### Available data:
━━━━━━━━

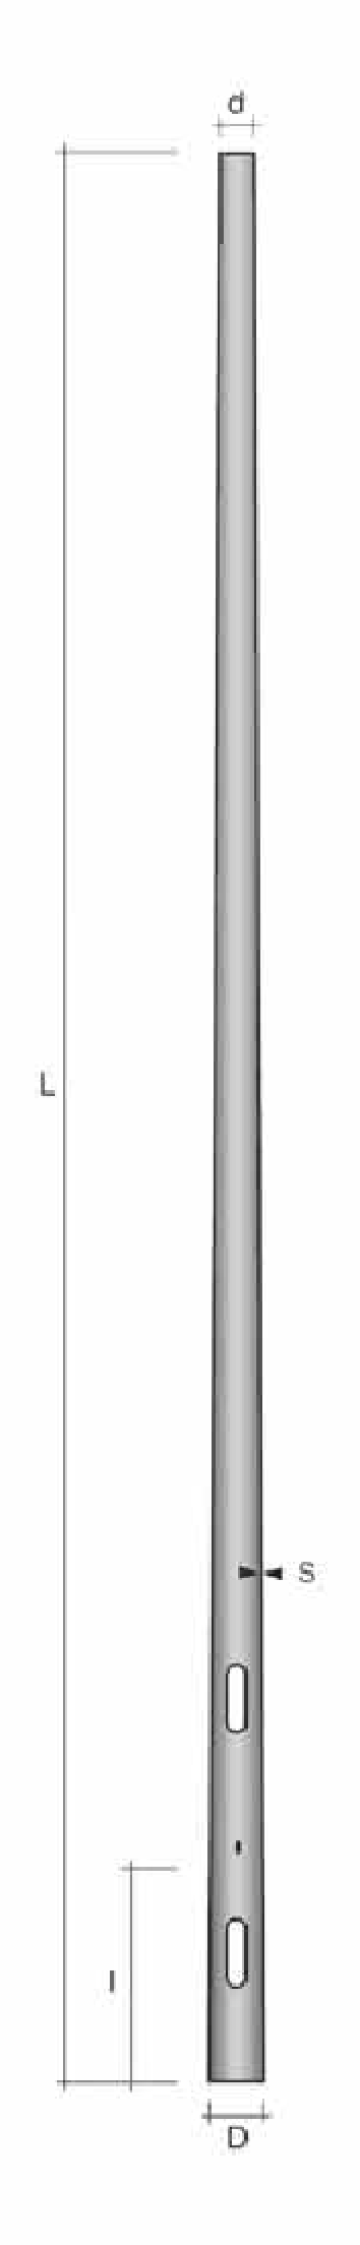 Stalp conic ingropat h=10.8m de la Metalsafe Lighting Srl
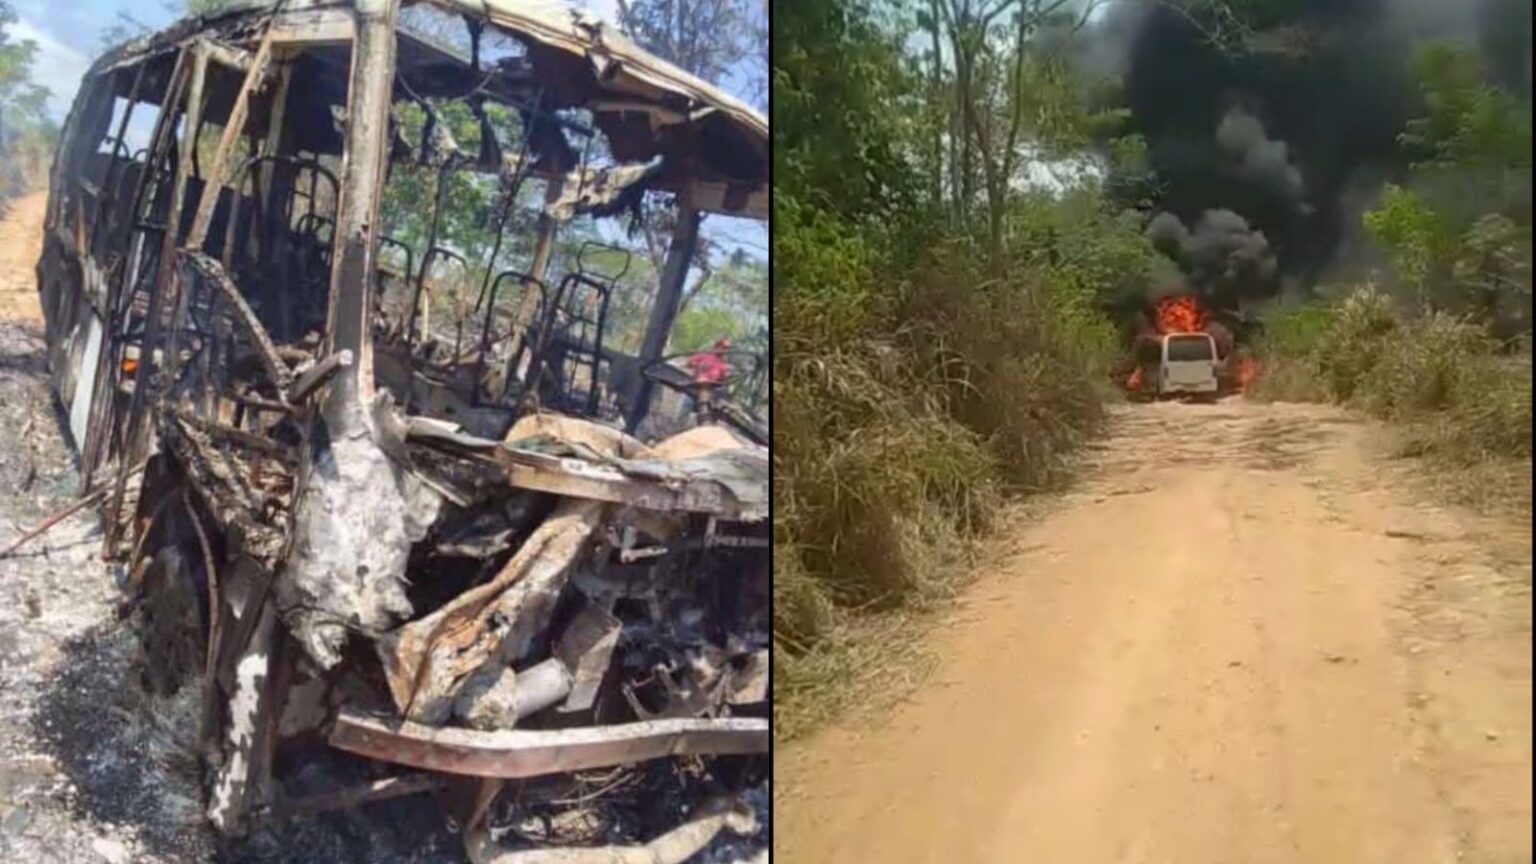 Vídeo: van escolar fica destruída após pegar fogo em Itupiranga
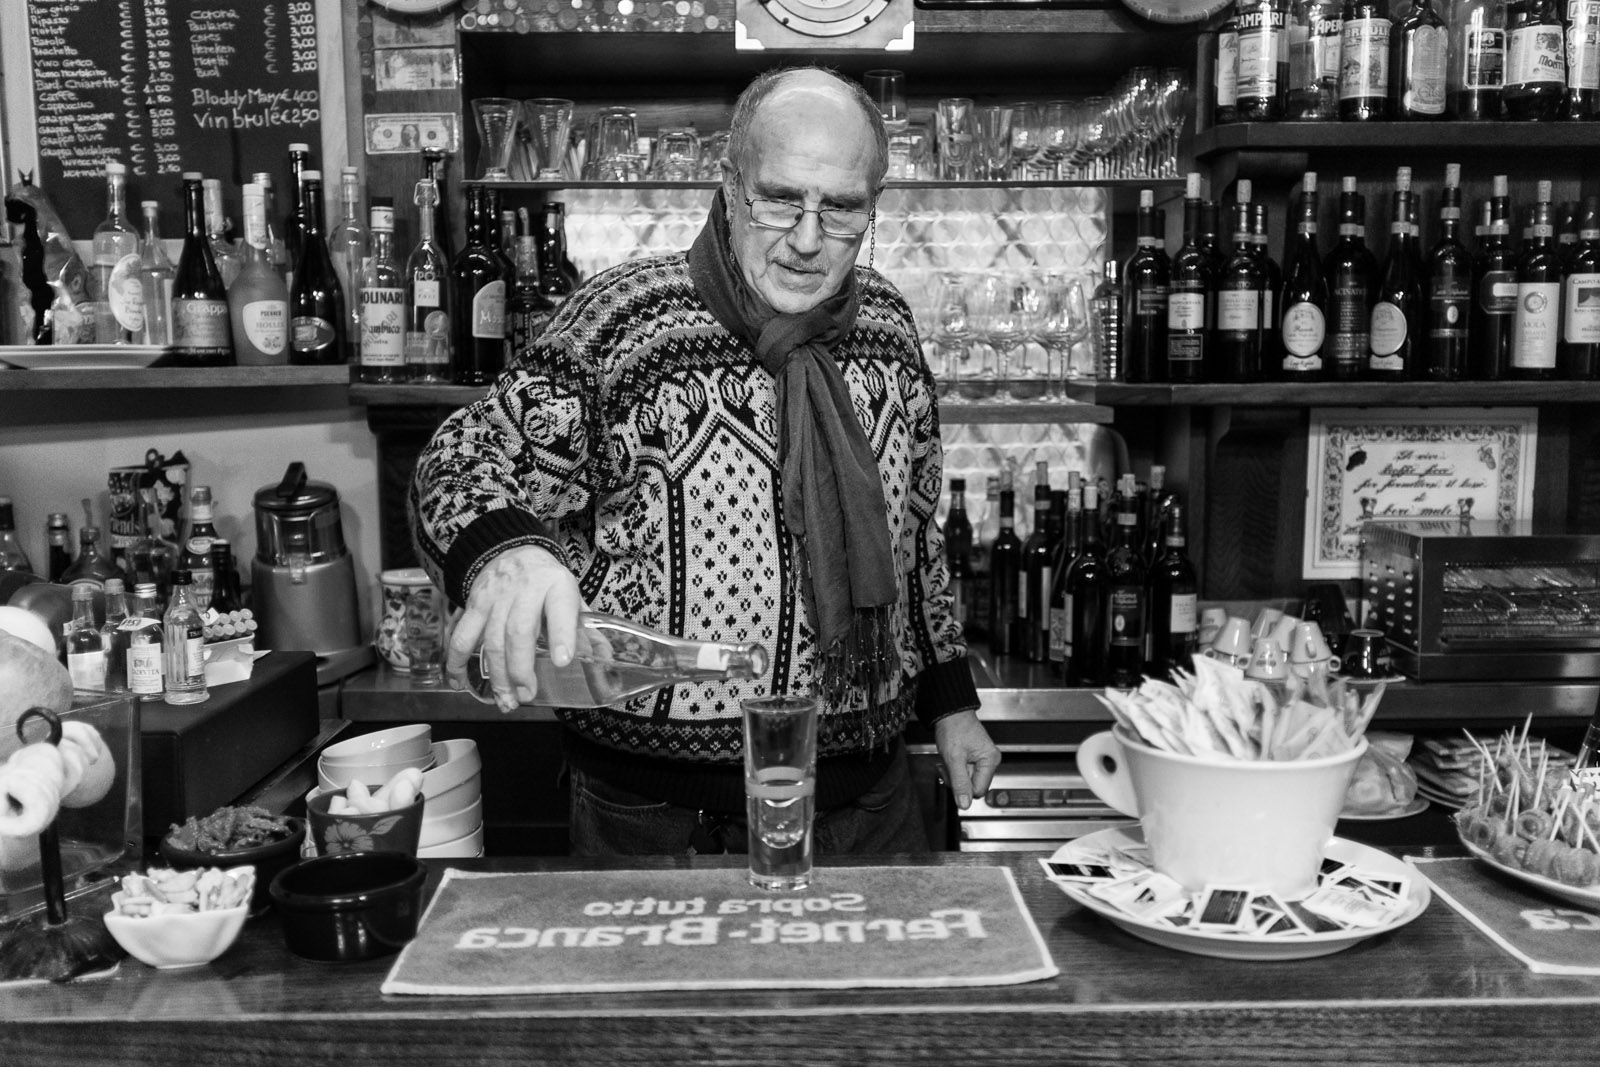 Old barman...

━━━━━━━━

### What the task requires:
Could you return the whole listing exactly, with every picture removed?

### Solution for this exercise:
 Stalp conic ingropat h=10.8m de la Metalsafe Lighting Srl
 Vídeo: van escolar fica destruída após pegar fogo em Itupiranga
 Old barman...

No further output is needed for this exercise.